Divagações: The Green Knight

Lendas medievais – com destaque para as arturianas – têm ganhado muitas e muitas adaptações ao longo dos séculos, e o cinema representa apen...

Lendas medievais – com destaque para as arturianas – têm ganhado muitas e muitas adaptações ao longo dos séculos, e o cinema representa apenas uma fração disso. Algumas histórias e textos se tornaram mais célebres que outros e seguem sendo lidos e estudados. Entre eles está o poema aliterativo (quando a “rima” é feita dentro dos versos, nas sílabas iniciais das palavras) Sir Gawain e o Cavaleiro Verde, que se tornou simplesmente The Green Knight nesta versão escrita e dirigida por David Lowery.

Caso você já tenha tentado acompanhar uma história escrita em forma de poesia, você provavelmente sabe que isso é difícil. Os acontecimentos se perdem em meio a longas descrições e, muitas vezes, a eficácia narrativa é deixada de lado em prol do estilo. Eu nem cheguei a ler o poema em questão, mas a proposta de fazer algo com inspirações artísticas a partir deste tipo de material já foi suficiente para me deixar receosa. Poderia dar muito certo, mas também poderia dar muito errado (spoiler: acredito que, no final das contas, tenha ficado em um meio termo).

The Green Knight conta a história do jovem Gawain (Dev Patel), que é sobrinho do rei Arthur (Sean Harris) e aspira se tornar um cavaleiro da távola redonda, embora esteja mais dedicado em festar e namorar com Essel (Alicia Vikander). Em uma manhã de Natal, um misterioso cavaleiro (Ralph Ineson) surge na corte e desafia qualquer um para um estranho desafio: enfrentá-lo com uma espada agora e, dentro de um ano, ir encontrá-lo em uma capela distante para receber exatamente o mesmo golpe que desferir. Enquanto os cavaleiros parecem receosos, Gawain se prontifica e acaba cortando a cabeça do visitante.

Assim, vários meses depois, o jovem precisa partir em uma longa jornada para reencontrar o tal cavaleiro e, literalmente, perder a cabeça – embora toda a questão pareça ser bastante figurativa. No caminho, ele enfrentará diversos desafios, que vão desde assaltantes, a mortos-vivos, passando por mulheres sedutoras, objetos mágicos e outras questões. No processo, ele vai provando se possui (ou não) as virtudes necessárias para ser um cavaleiro: amizade, generosidade, castidade, cortesia e piedade.

Considerando que a jornada interessa mais do que o próprio desfecho da história, The Green Knight é um filme bonito em vários sentidos.
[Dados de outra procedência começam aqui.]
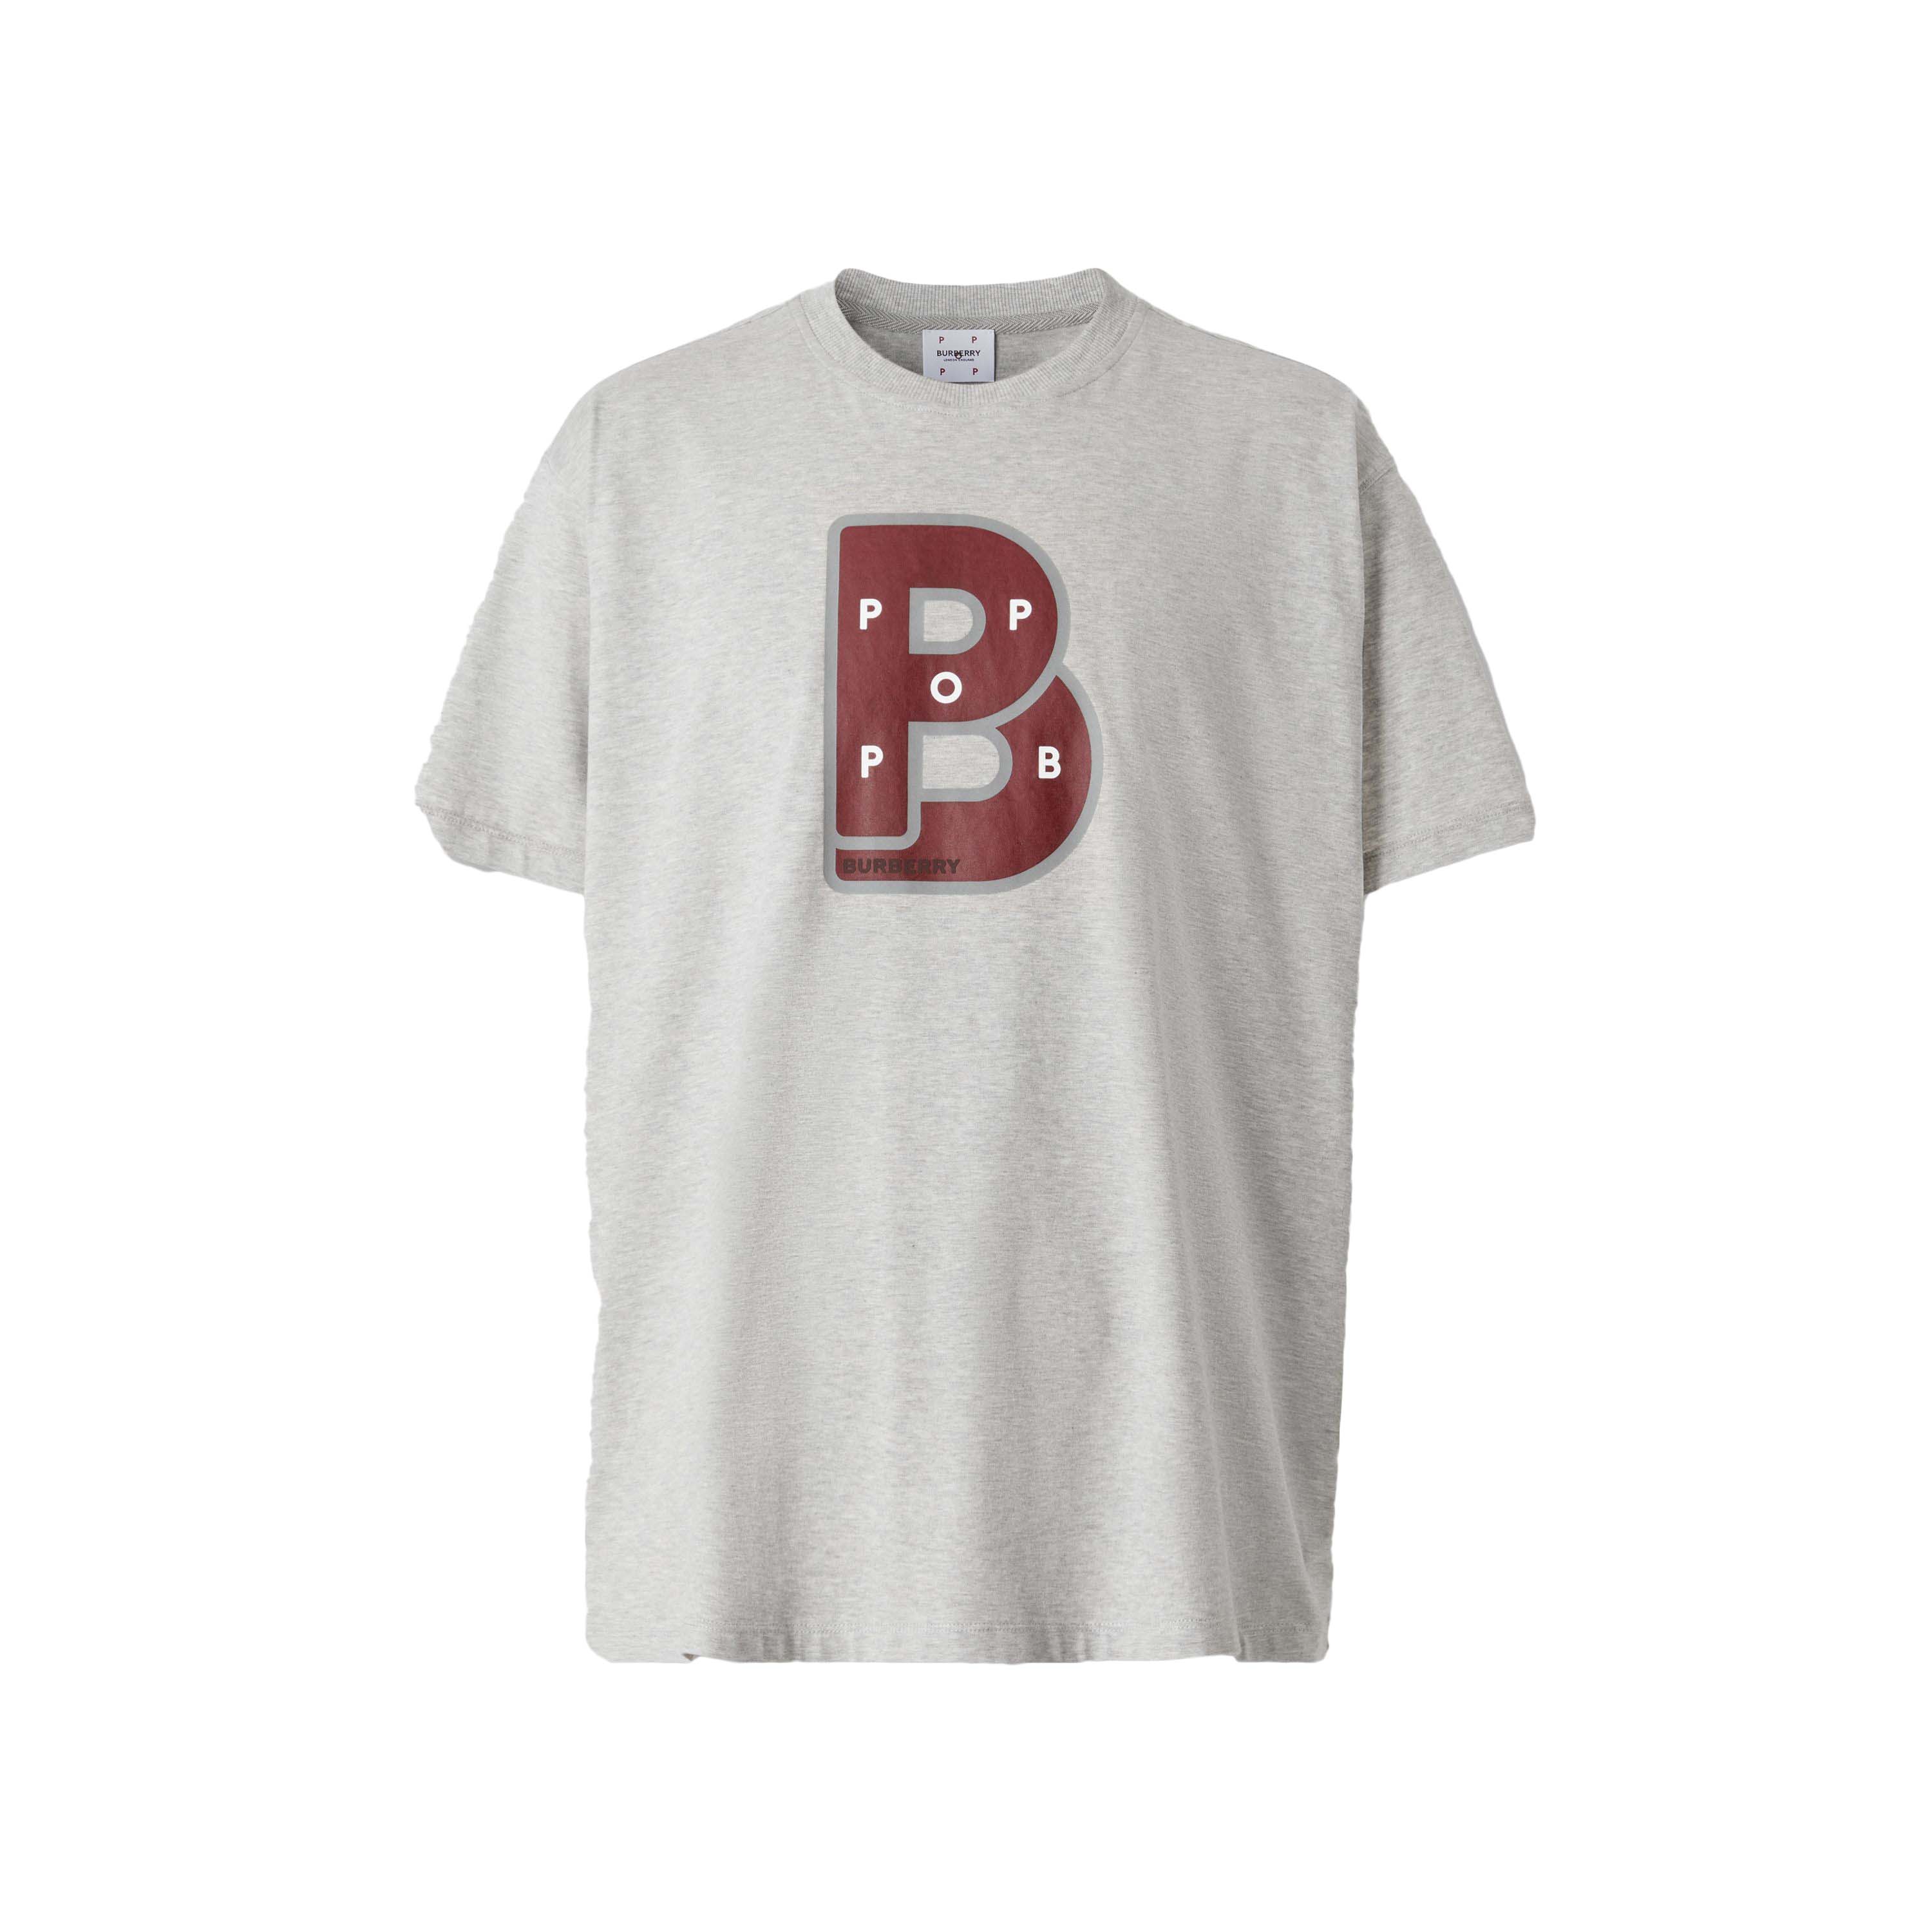 BURBERRY - Cotton T-shirt

Ele conta a sua história no que provavelmente acredita ser a maneira mais poética e esteticamente agradável possível, seja explorando as belas paisagens, abusando da iluminação em ambientes fechados, fazendo um jogo de contrastes nos figurinos e cenários ou mesmo nos mergulhando em sua intensa trilha sonora. Há também usos dramaticamente inteligentes do elenco, com a mesma pessoa interpretando mais de um personagem e gerando diferentes interpretações a respeito de certos acontecimentos.

Ao mesmo tempo, este não é um filme de aventura; não há cenas de ação, piadas ou sequências particularmente grandiosas. A tensão se constrói aos poucos, à medida que as decisões do protagonista quanto ao próprio destino se desenham e ele precisa lidar com as consequências delas. Consequentemente, embora tenha apenas um pouco mais que duras horas de duração, este é um longa-metragem que realmente parece extenso. E, obviamente, a recepção medíocre do público parece ser justificada.

Dito isso, se você se sente minimamente tentado a dar uma chance a The Green Knight, vá fundo e aproveite a experiência. O filme tem uma construção narrativa interessante e cumpre a promessa de explorar o material original com respeito, mas sem deixar de criar algo próprio e único. Ele é praticamente mágico na forma como tudo parece ser um sonho e, ao mesmo tempo, o retrato de uma conexão mais profunda do homem com a (sua própria) natureza.